When our worlds feel upside down—whether due to isolated personal circumstances or societal challenges, it can be difficult to keep our heads up. This is of course compounded when added pressures, such as financial strain, are added to the mix.
During these times, how encouraging it is to remember that history is full of women who walked through situations that also felt hopeless. But it was the walking through that left them with greater strength and the ability to encourage others. The same will be true for you.
As I prepared to write this piece, I sought out several ladies who have exhibited abundant strength and grace through difficult times. They shared a few tidbits that I hope will encourage you. Some are related to money, most are not. But they’re all good for the soul.

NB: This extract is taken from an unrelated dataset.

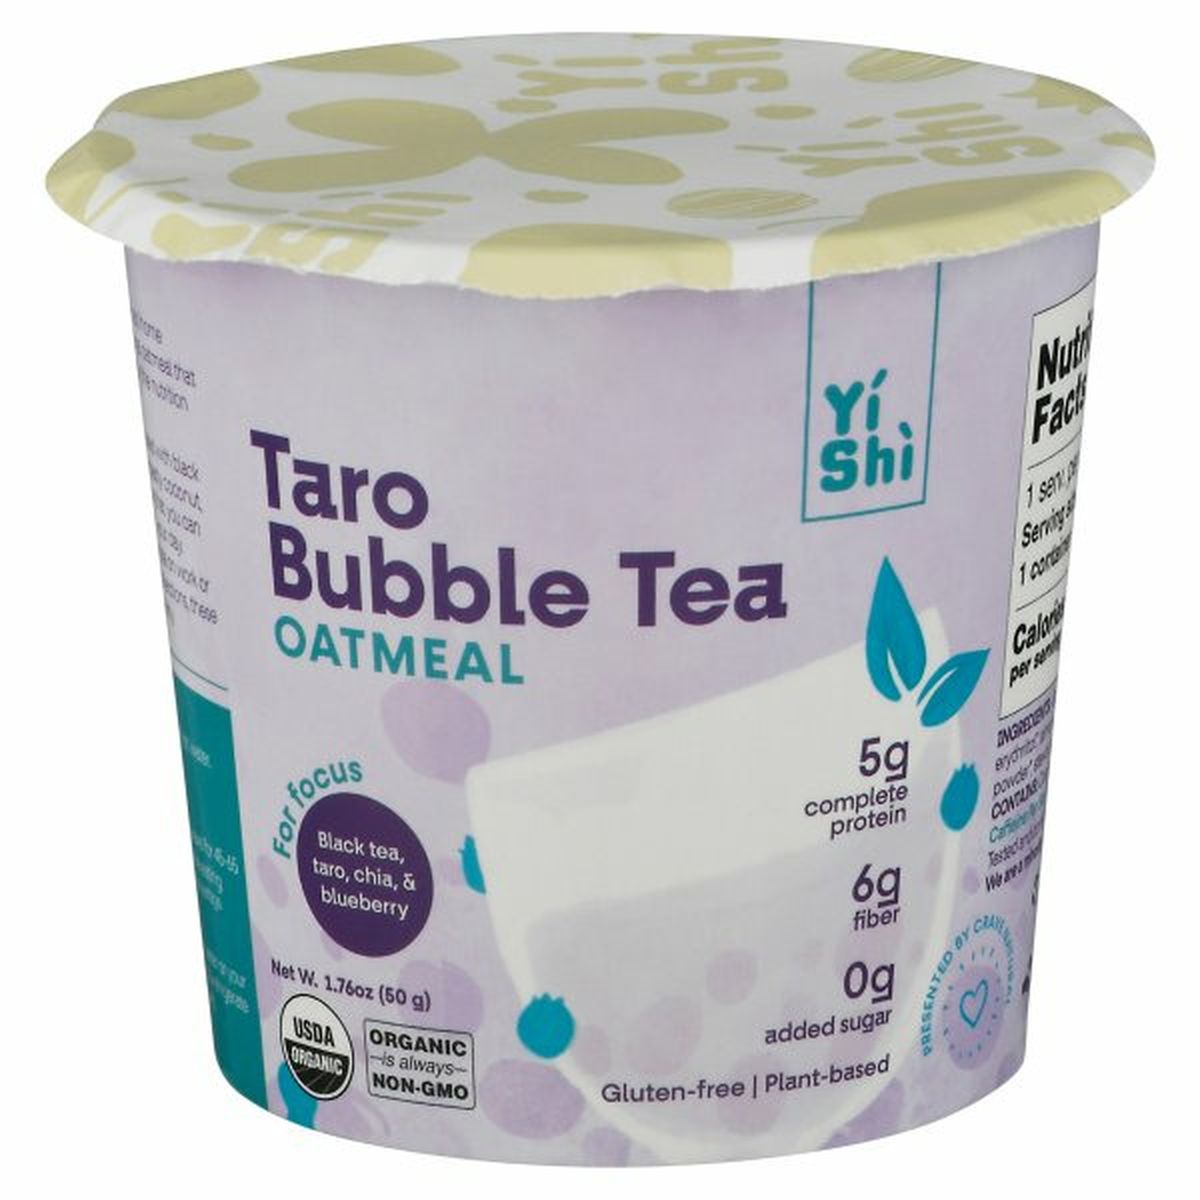 Calories in Yishi Oatmeal, Taro Bubble Tea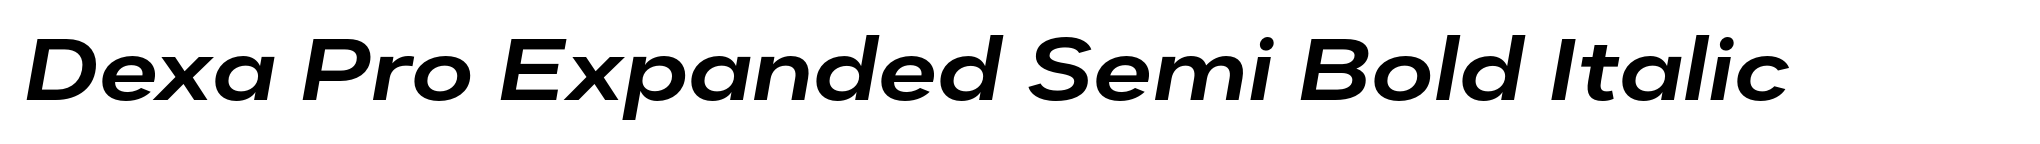 Dexa Pro Expanded Semi Bold Italic image

“Be curious, be kind and give yourself permission to change your mind.” Sometimes moments of upheaval give us the nudge we need to make a change. Give yourself permission to consider what changes may be best for yourself, your wallet or your future.
“Beauty comes from the inside.” A friend shared that her grandmother and mother always told her it was most important to be beautiful on the inside because your heart would show its beauty on the outside. The difficult times may scar our bodies or our bank accounts, but they beautify our hearts.
The Psalmist says “ye though I walk through the valley of the shadow of death.” It’s a valley, not a pit. And you will walk through it. There is a light of hope on the other side—so keep walking forward, even if one step is all you can muster today.
“Don’t look back—you’re not going that way.” We can so easily get ourselves caught in the what-ifs, especially relating to our finances. And while there is value in learning from our mistakes and sharing with others the lessons learned, it can be easy to get caught on a hamster wheel of the past. A wise woman once said to me, “you are not a rodent. Get off the wheel.” It stopped me in my tracks, but she was right! Remind yourself what you’ve learned, then mentally put it down and take a step forward toward a new goal.
“Feelings are facts. Give yourself an allotted amount of time to feel sorry for yourself. Then pick yourself up and move forward.” This one is from my Mom. She has never told me the way I’m feeling is wrong. But she always challenges me to feel it, then move forward. Sitting still can be restful but it can also become detrimental. Feel what you’re feeling, then identify a next step and take it.
When tomorrow feels daunting and yesterday weighs us down, let’s reflect on the collective wisdom of those who’ve gone before us. And let us not forget that these experiences will strengthen us and will allow us to encourage those who come behind us.